Язык в целом претерпевает изменения от поколения к поколению, меняется и философский язык, делают это люди, но каждый человек застает язык готовым, как и философ начинает всегда с освоения "действующего" в данную эпоху словаря, а затем и своей деятельностью так или иначе способствует его изменению. Философский словарь, философская энциклопедия краеугольный камень специального философского образования. Мы видели, что первые уроки философии в Афинах посвящались выяснению понятий, которое практически проводилось как осмысление слов. В школе Аристотеля прежде всего было покончено с этим неразличением слова и понятия: "живое" философия будет определять не как одно понятие для всего, что называется этим словом, но как разные понятия, скажем, для живописного изображения и для живого существа. Однако далеко не всегда путаницу синонимии и омонимии можно было устранить так легко, как для "живого". К тому же разные философы, а ко времени Аристотеля у философии была уже своя история пользовались зачастую то разными словами для обозначения одного понятия, то одним словом для обозначения разных понятий. Скажем, "начало" и "природа" у натурфилософов. По мнению Аристотеля, природой они называли то, чти следует именовать началом, слово же природа у них не имеет того смысла, в котором необходимо различать сотворенные человеком вещи от тех, которые, как и сам человек, родились сами по себе, "от природы".
Следует ли считать "Метафизику" успешным опытом установления философского словаря или первым примером, доказавшим его невозможность? Пожалуй, здесь можно видеть и то и другое. Вполне научное описание принятого в философии словоупотребления говорит о том, что назрела необходимость определить собственно философское значение слова в отличие от общеязыкового, общепонятного, чего, как мы видели, персонажи диалогов Платоновского корпуса не делали. Однако, определяя философское значение слова, Аристотель не стремится привязать одно слово к одному понятию, а, напротив, старается различить те нетождественные понятия, которые могут за этим словом стоять. Таким образом, он досадную многозначность философского термина принимает как данность, с которой он вынужден считаться и которую он и намерен устранять.

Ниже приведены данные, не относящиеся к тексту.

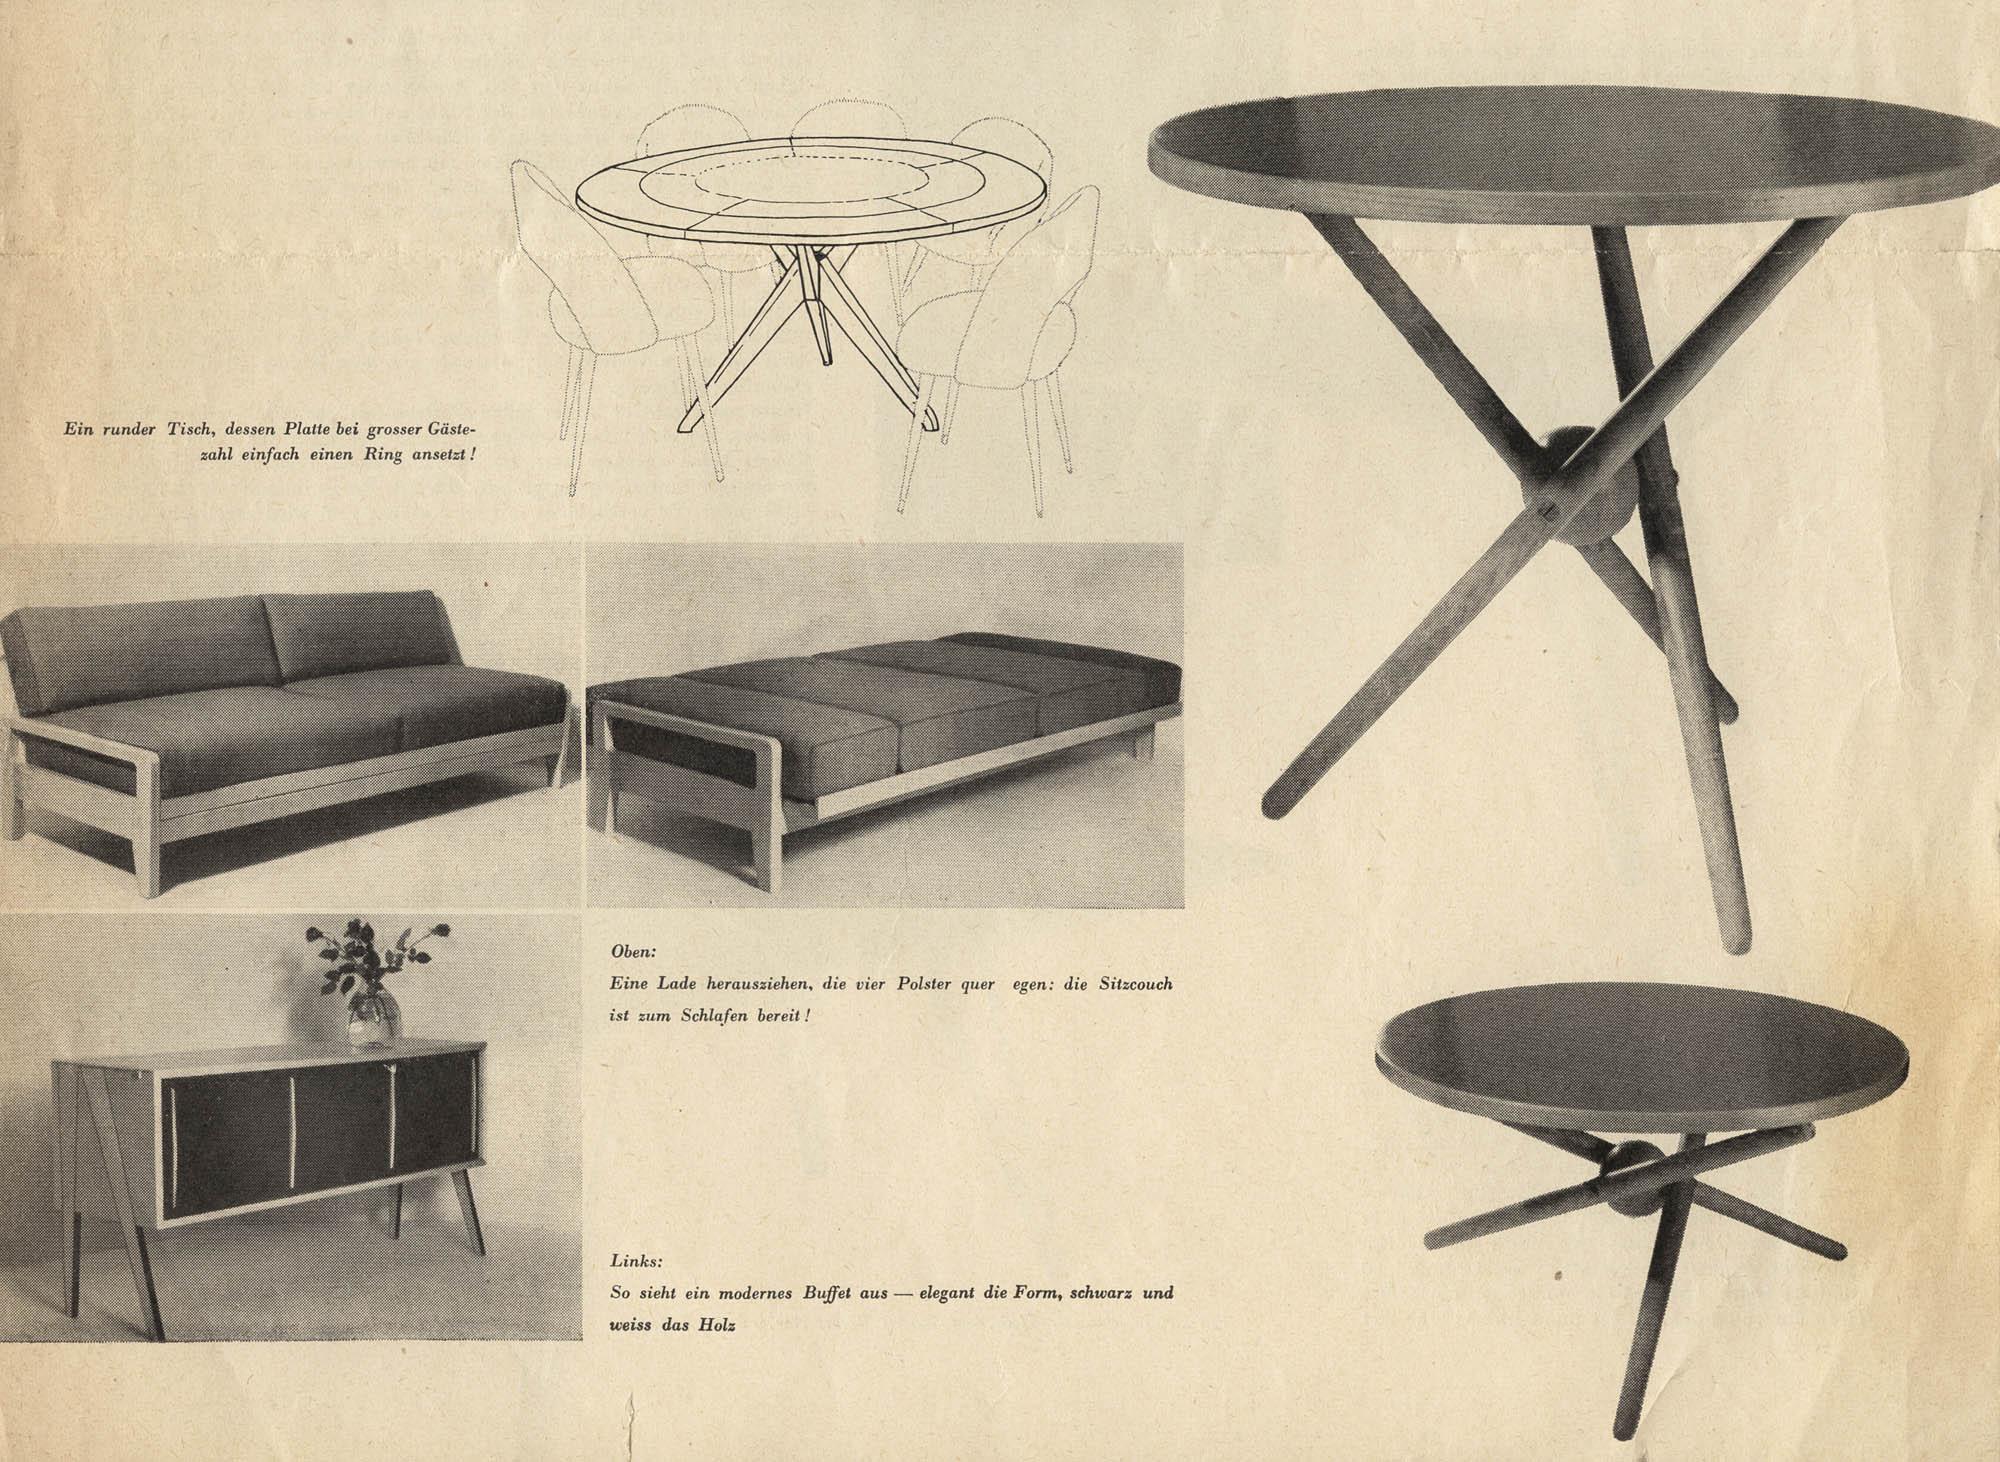 S.T.-Tisch Jürg Bally Table à hauteur réglable

Следует ли различать в философском словаре понятия "причины" и "цели"? Аристотель допускает употребление слова "причина" в смысле "цели", определяя это значение как "целевую причину" (Метафизика, 1013а-1014а). Более того, в соответствующей главе "Метафизики" причина вообще не определяется как собственно "причина" в отличие, скажем, от "начала", "формы" или "цели"; содержание понятия причины раскрывается через соприкосновение его с понятиями начала, материи, формы и цели. Такой подход позволяет Аристотелю не просто навести порядок в словоупотреблении, но и выработать более конкретные философские понятия материальной причины, формальной причины и причины целевой.
Аристотель сумел использовать многозначность слова не как помеху пониманию (такой способ запутать противника он сам предлагает в своих наставлениях по риторике39), но как одно из средств речевой и мыслительной экономии: философия должна не умножать словарь, вводя новые слова для каждого нового понятия, но давать точные определения понятиям, используя все те возможности, которые предоставляет ей человеческий язык. И все-таки именно Аристотель ввел в философский лексикон им самим придуманные, до сих пор остающиеся загадкой слова "энергия", "энтелехия" и сложное выражение "быть тем, что это было". Однако три эти исключения только подтверждают правило, во-первых, тем, что их только три, во-вторых, тем, что они так за Аристотелем и остались как его собственность, а еще тем, что их изобретение точно так же основано на выявлении возможностей греческого языка, как и практика использования бытующих в языке слов.
В аристотелевском противопоставлении истории и поэзии заключено тонкое различение действительного события и события возможного, причем исследование возможного представляется Аристотелю занятием, более отвечающим смыслу философии, чем сколь угодно серьезное повествование о действительном. Изобретение слова "дюнамис" (δυναμις) не числится за Аристотелем; этим термином философия пользовалась и до него, но ни у кого из древних философов "дюнамис", возможность, не выступала таким глубоко философским понятием, как у Аристотеля.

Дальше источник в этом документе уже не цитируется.